■ **Prompt**: Your output is to hold only the lines from the one showing "Ezok Men Seger 2100 Black Leather Sneakers" through the end of the listing, exactly, with every picture excluded.

■ **Data section**:
+--

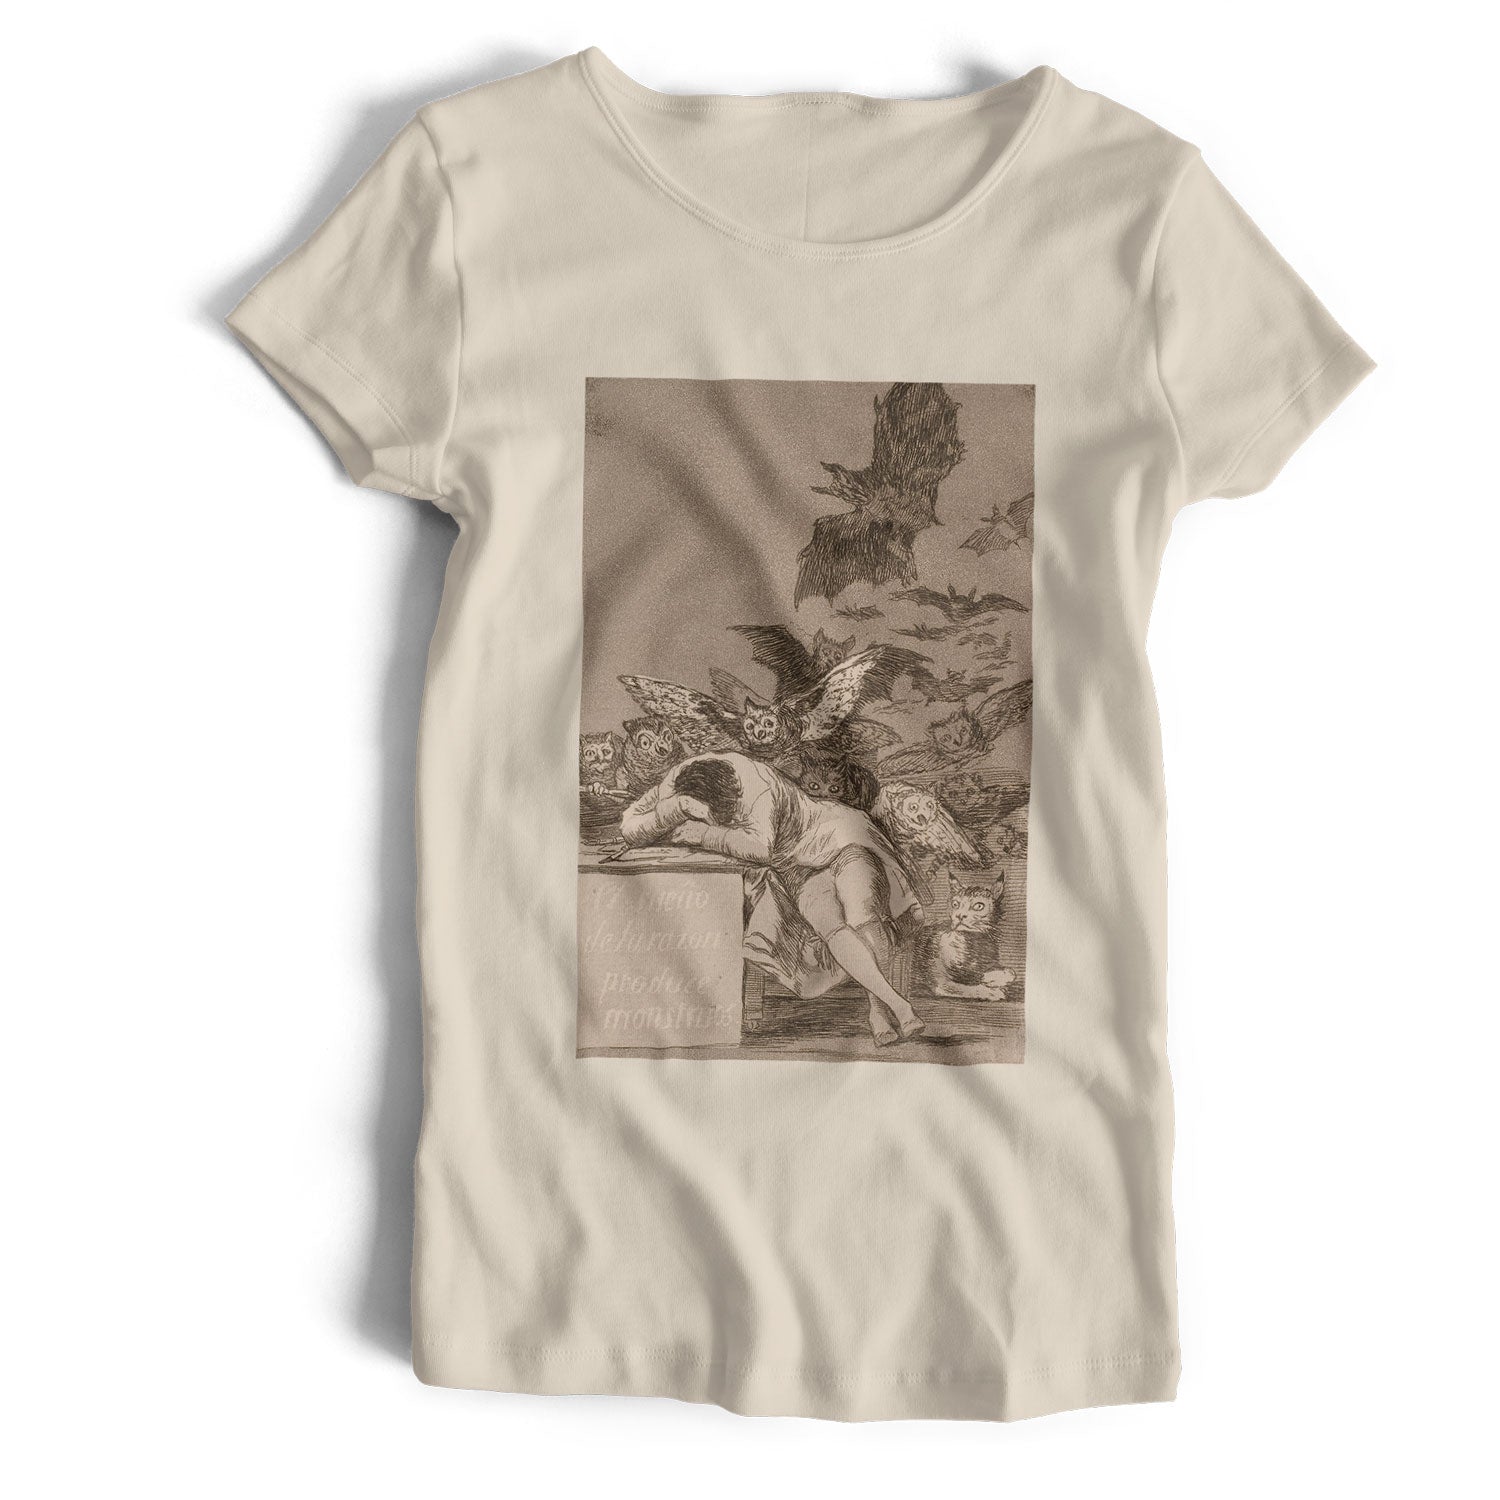 Goya T Shirt - The Sleep Of Reason Produces Monsters An Old Skool Hooligans Fine Art Tee
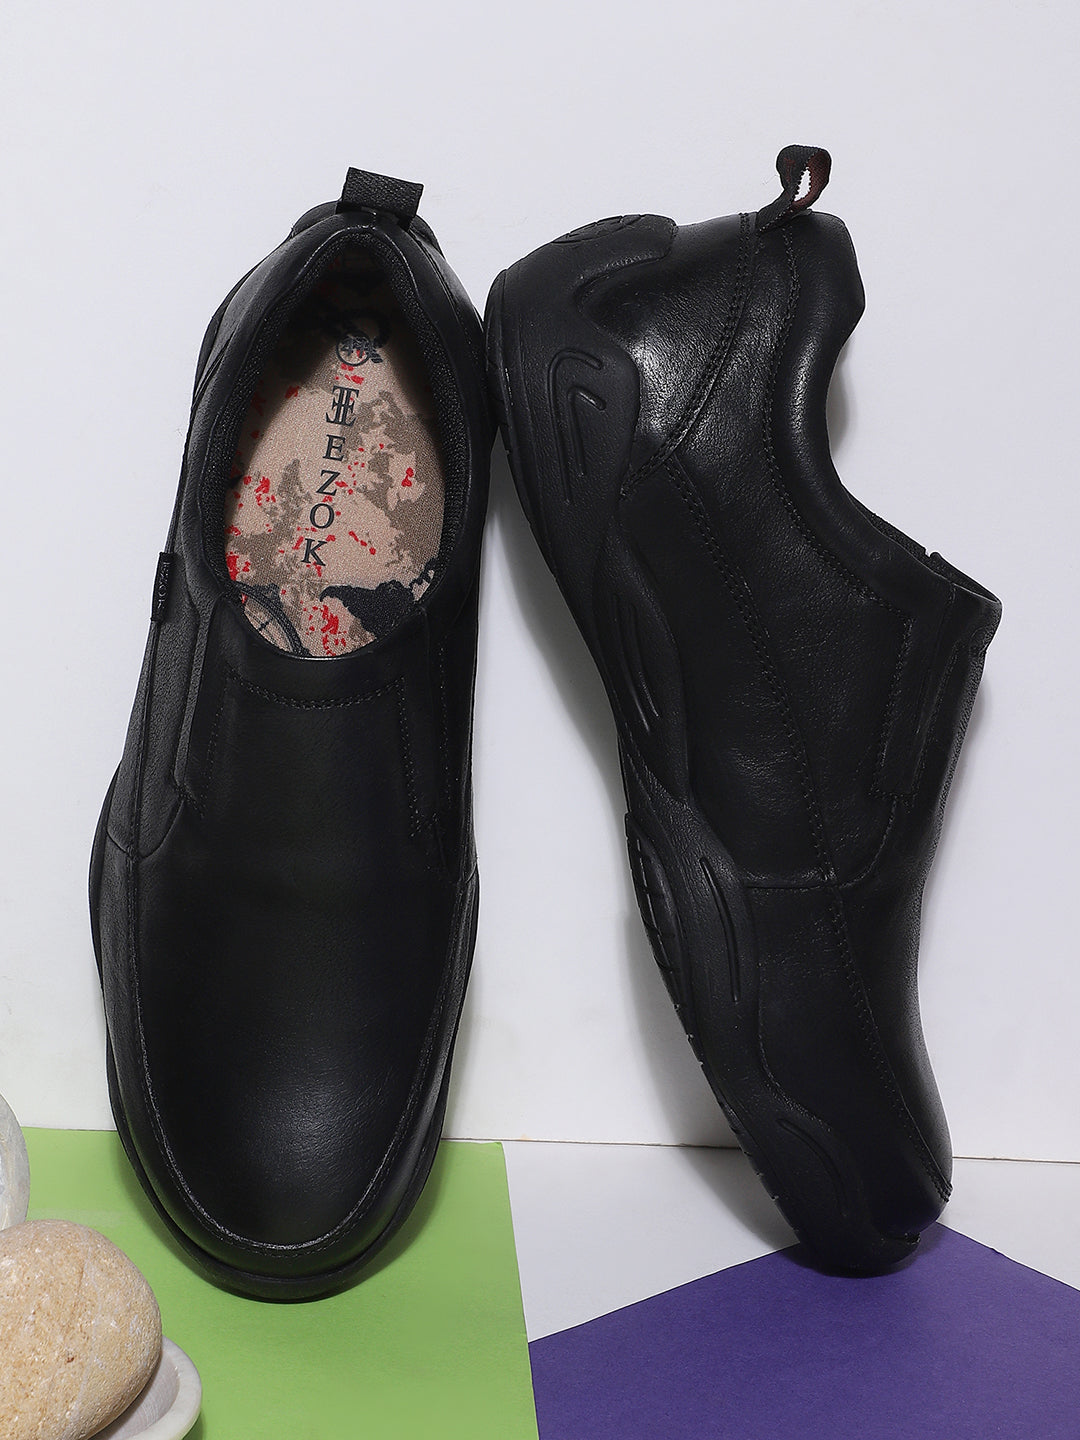 Ezok Men Seger 2100 Black Leather Sneakers
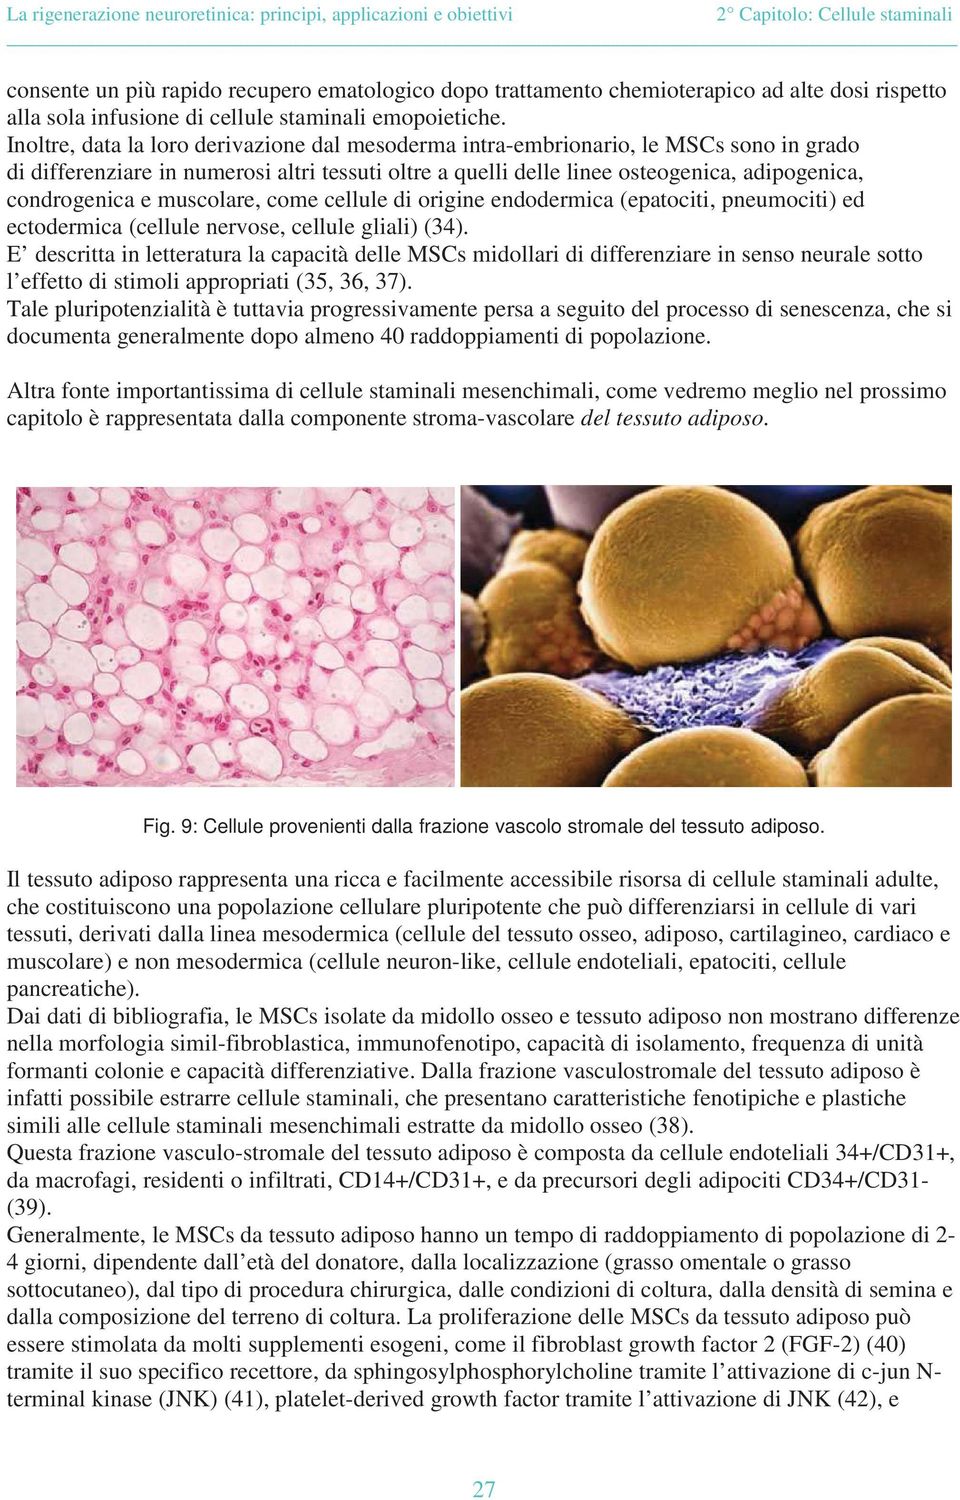 muscolare, come cellule di origine endodermica (epatociti, pneumociti) ed ectodermica (cellule nervose, cellule gliali) (34).

+--

■ **Response**:
 Ezok Men Seger 2100 Black Leather Sneakers
 muscolare, come cellule di origine endodermica (epatociti, pneumociti) ed ectodermica (cellule nervose, cellule gliali) (34).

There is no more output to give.